*** SUPPLIED DATA ***

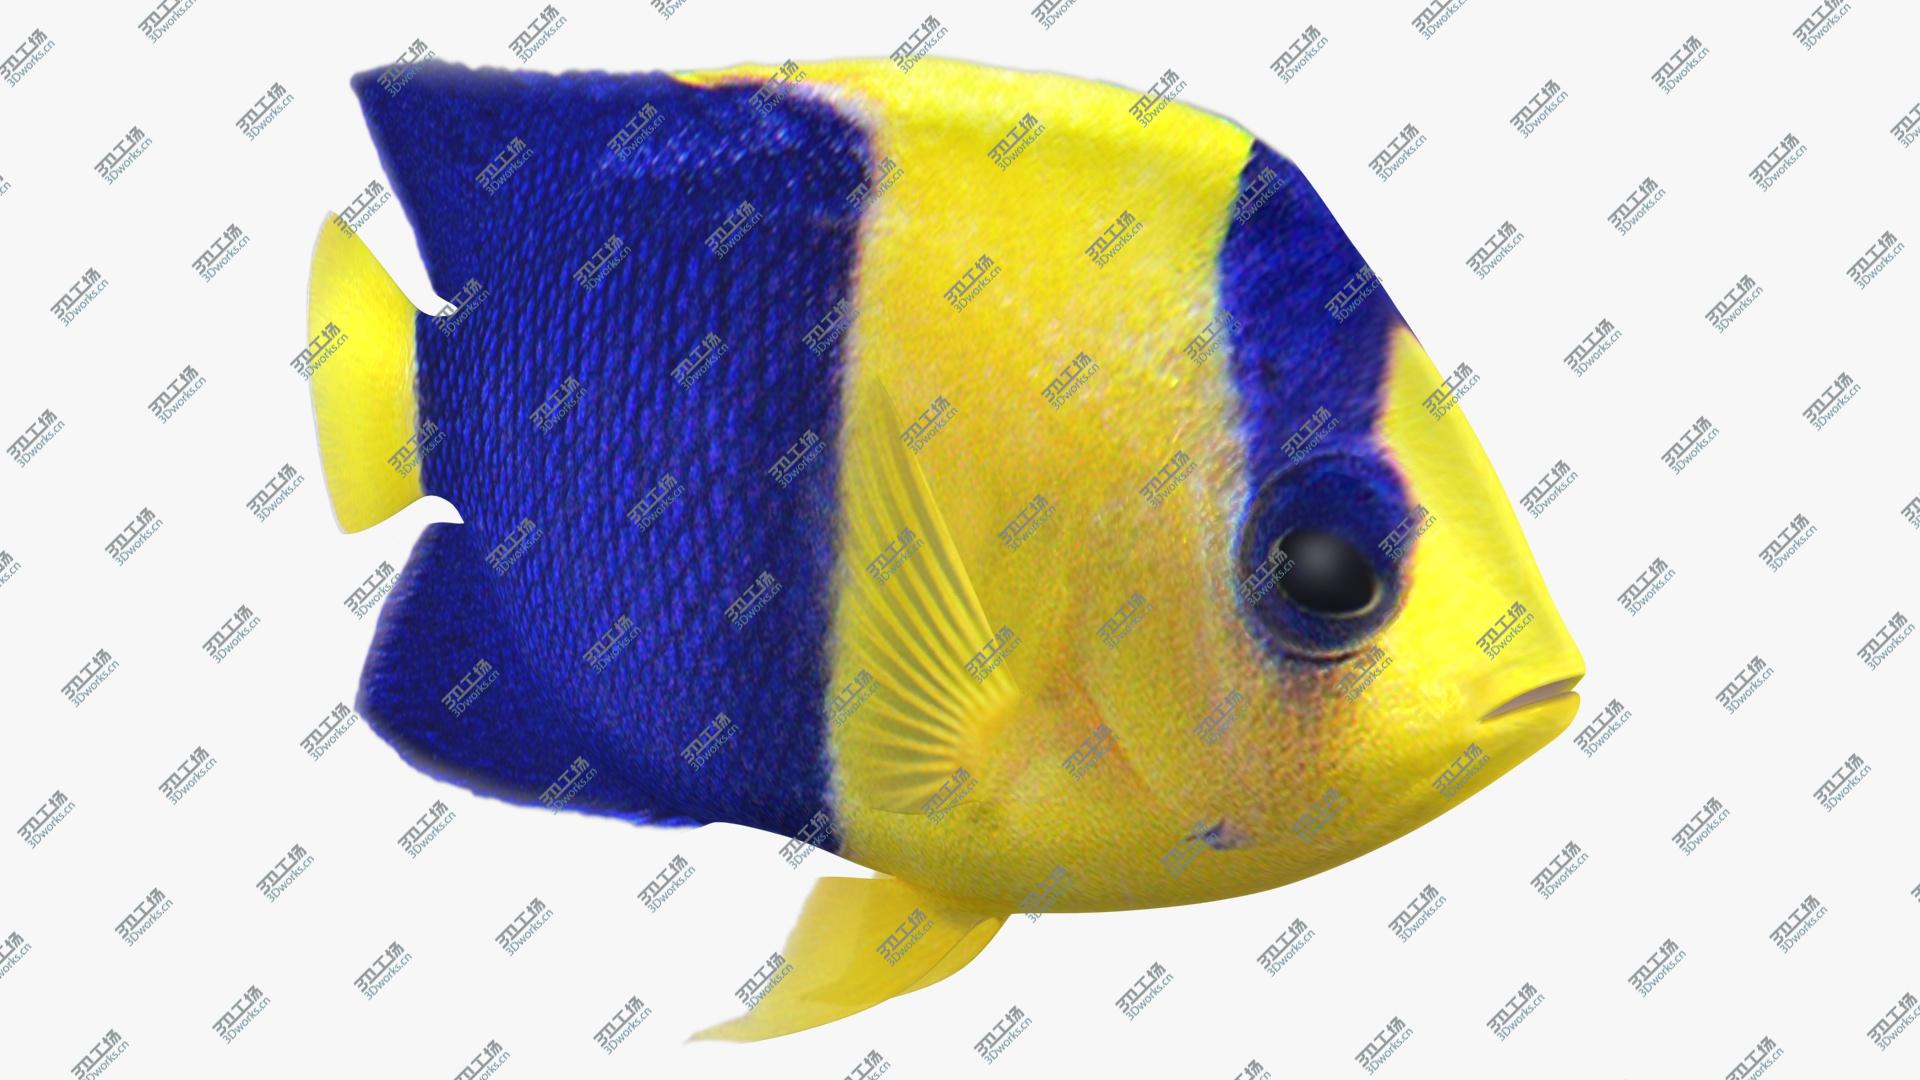 images/goods_img/202105071/3D Bicolor Angelfish Animated/1.jpg
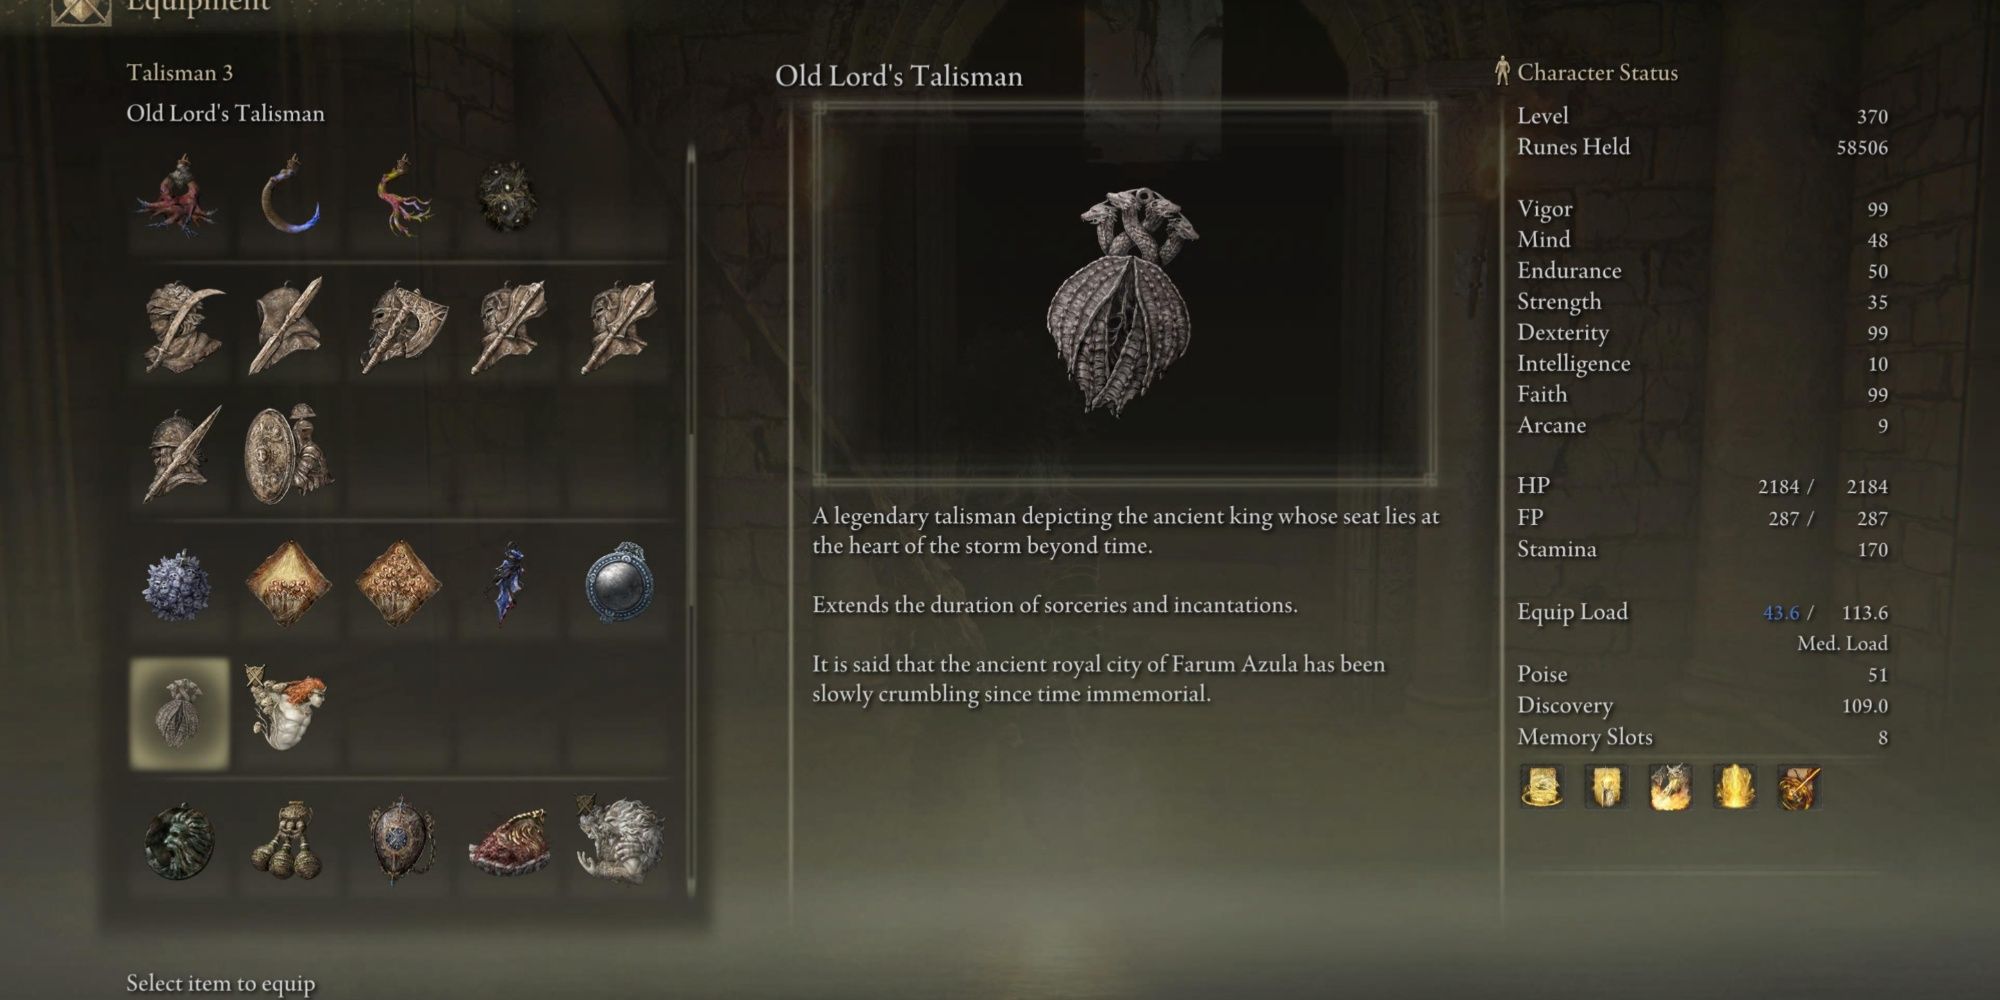 Old Lord's Talisman's Information in Elden Ring
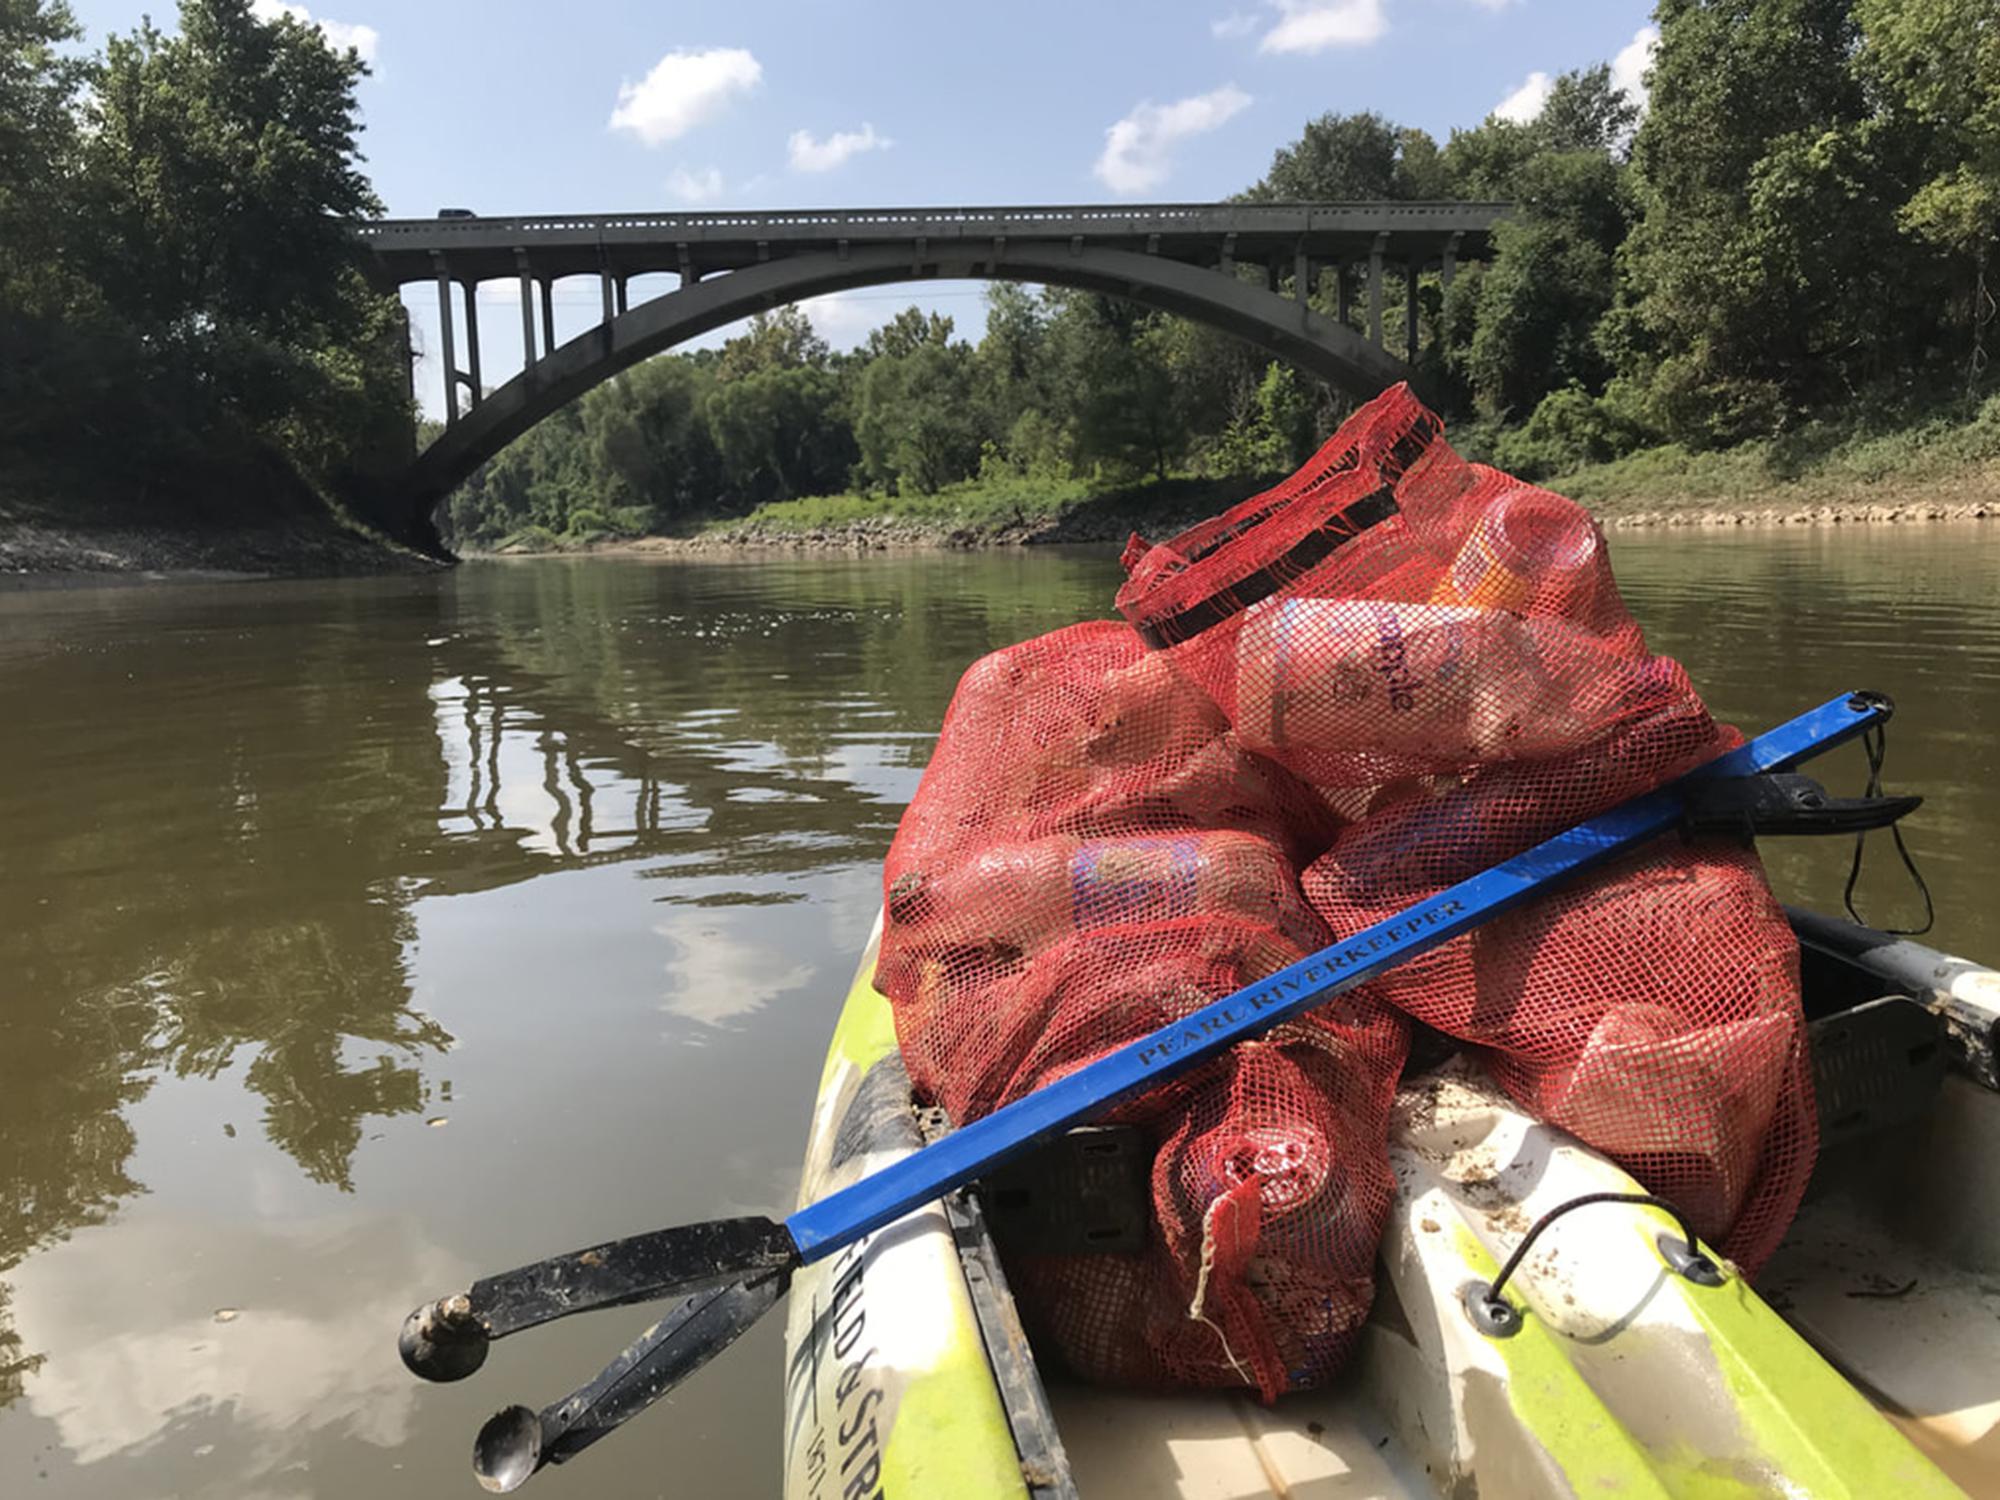 The front of a kayak has two red meshed bags containing litter and a blue trash-grabbing tool with the words “Pearl Riverkeeper” printed on it. The boat is on a small river and approaching a highway bridge.

*** End of SUPPLIED DATA ***

All of the data above should be printed again exactly, though none of the pictures belong in the copy.

 images/goods_img/202105071/3D Bicolor Angelfish Animated/1.jpg
 Old Lord's Talisman's Information in Elden Ring
 The front of a kayak has two red meshed bags containing litter and a blue trash-grabbing tool with the words “Pearl Riverkeeper” printed on it. The boat is on a small river and approaching a highway bridge.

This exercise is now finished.